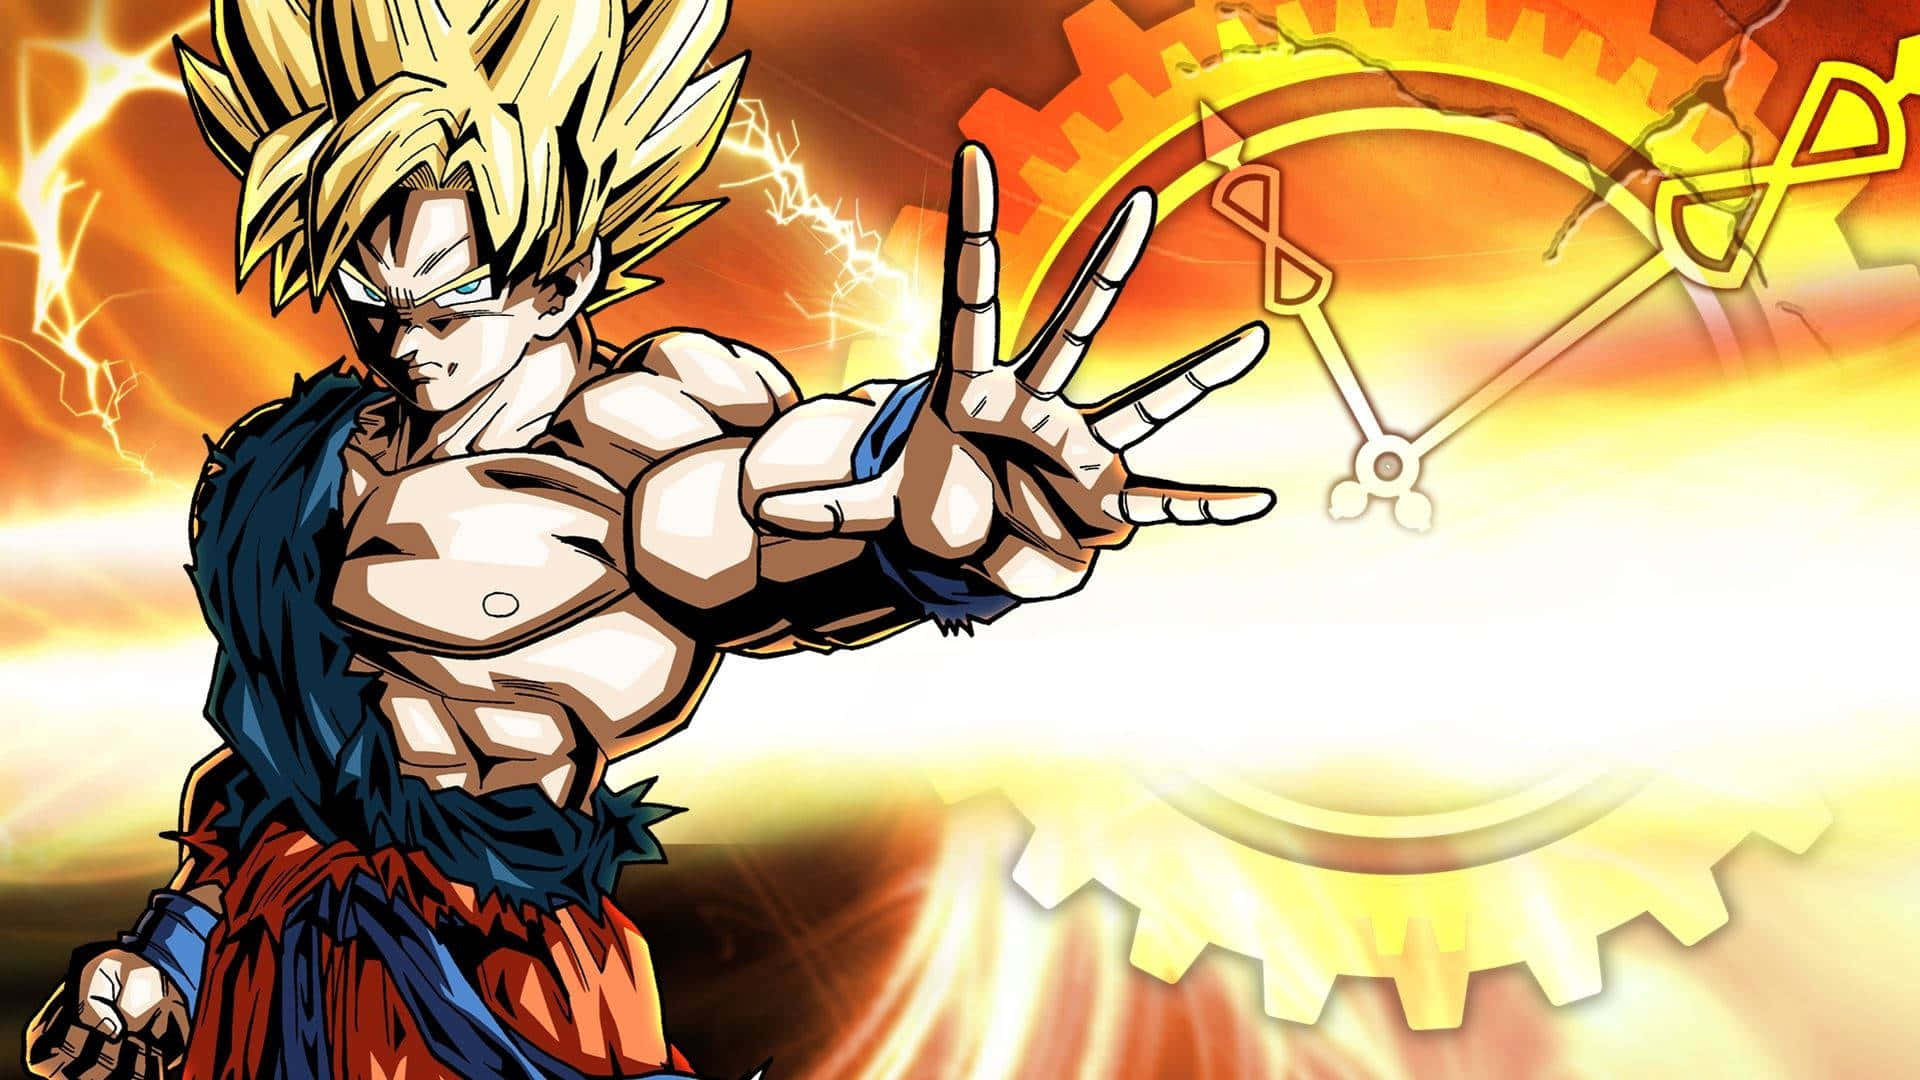 Super Saiyan Goku udviser en kraftig udstilling af energi. Wallpaper
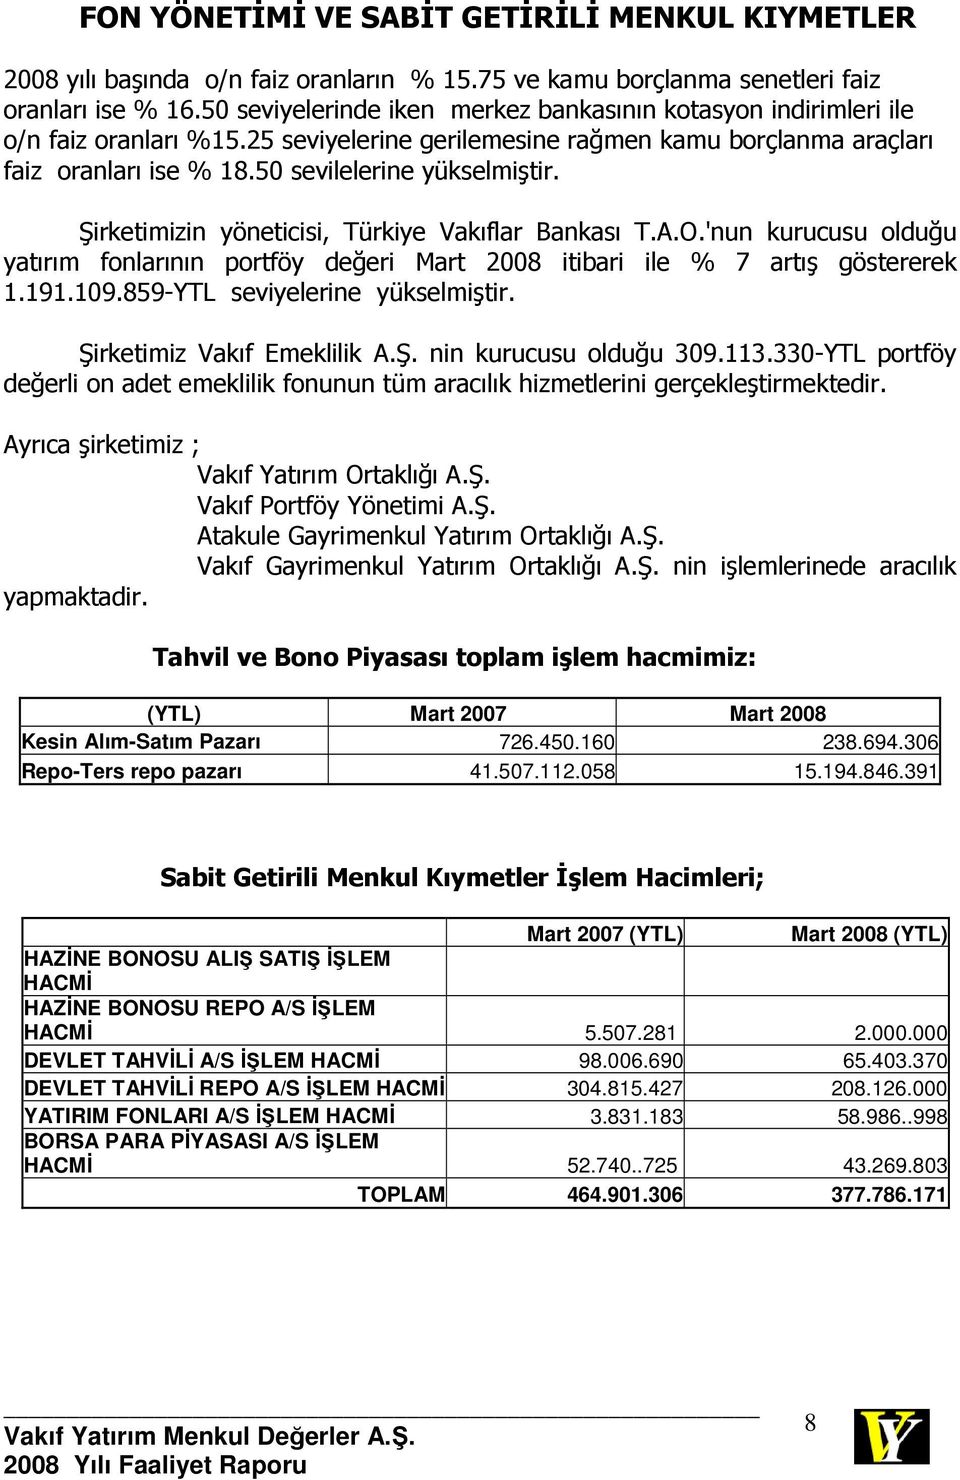 Şirketimizin yöneticisi, Türkiye Vakıflar Bankası T.A.O.'nun kurucusu olduğu yatırım fonlarının portföy değeri Mart 2008 itibari ile % 7 artış göstererek 1.191.109.859-YTL seviyelerine yükselmiştir.
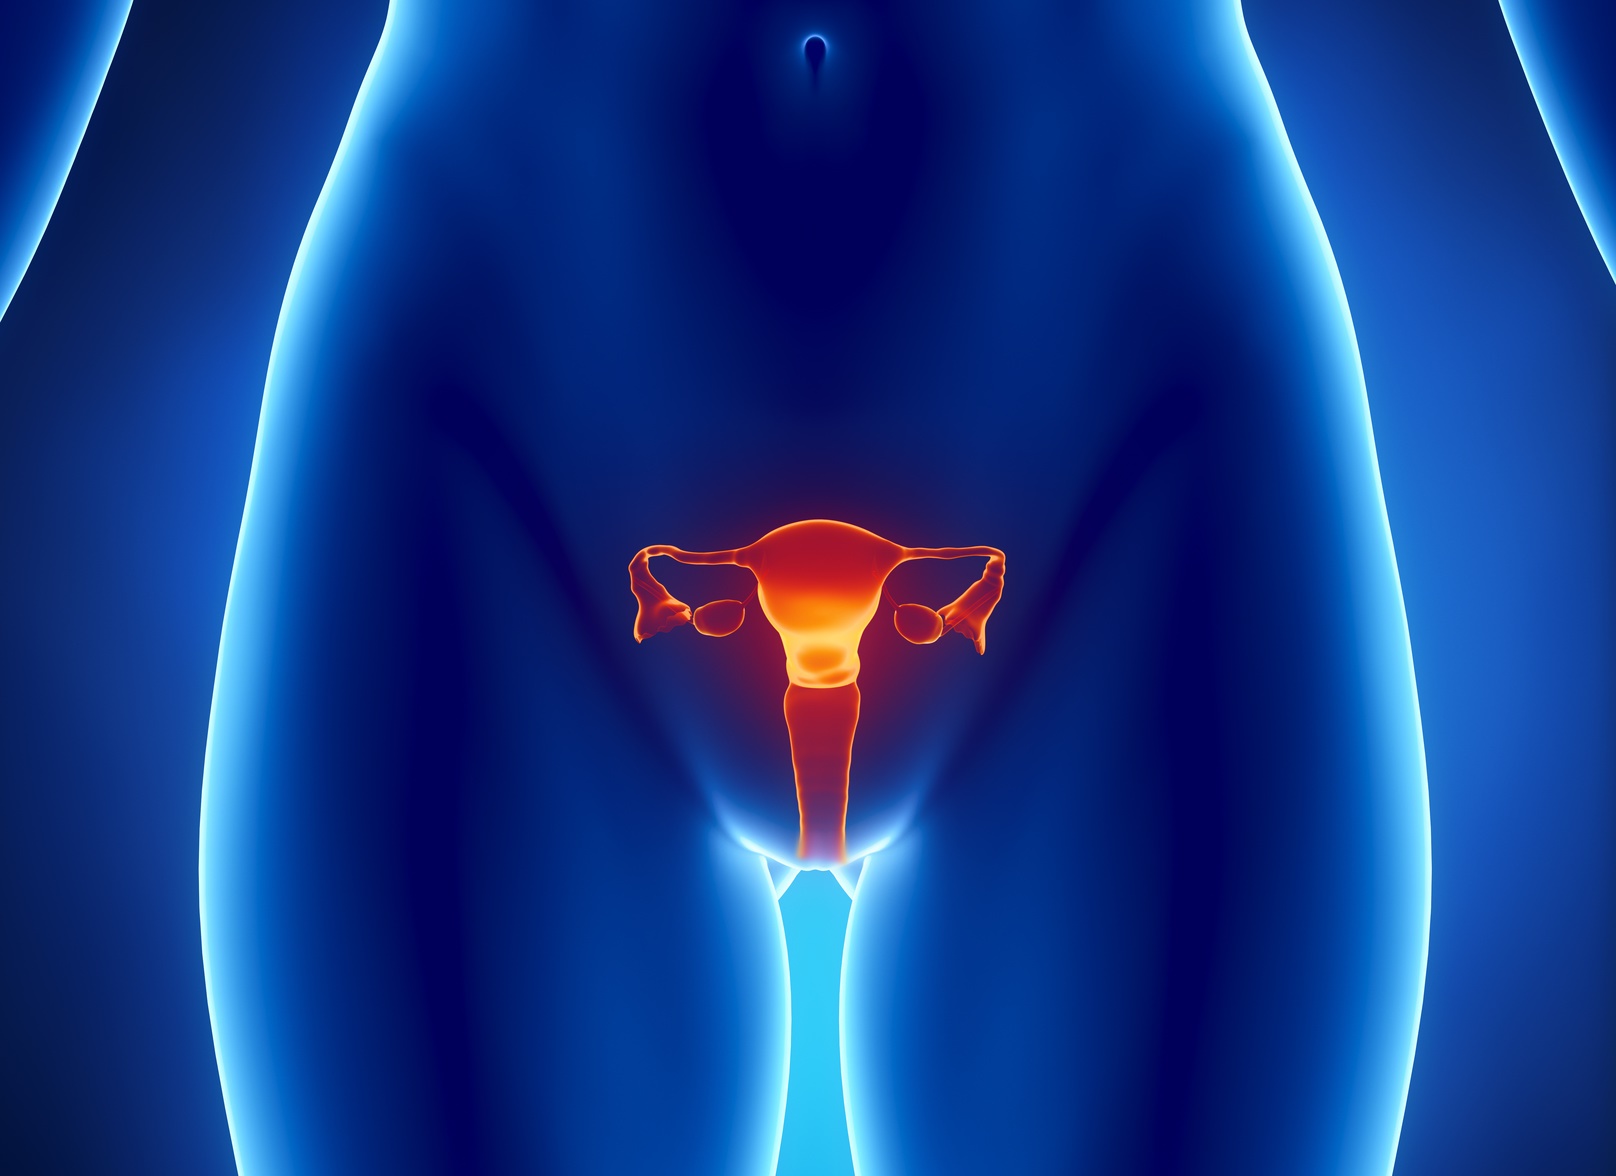 Le cancer de l’endomètre, ou cancer du corps de l’utérus, touche plutôt des femmes ménopausées. © CLIPAREA.com, Fotolia

WORK REQUEST: The whole listing above should be restated word for word, minus any images.

REPLY:
 Super Saiyan Goku udviser en kraftig udstilling af energi. Wallpaper
 Şirketimizin yöneticisi, Türkiye Vakıflar Bankası T.A.O.'nun kurucusu olduğu yatırım fonlarının portföy değeri Mart 2008 itibari ile % 7 artış göstererek 1.191.109.859-YTL seviyelerine yükselmiştir.
 Le cancer de l’endomètre, ou cancer du corps de l’utérus, touche plutôt des femmes ménopausées. © CLIPAREA.com, Fotolia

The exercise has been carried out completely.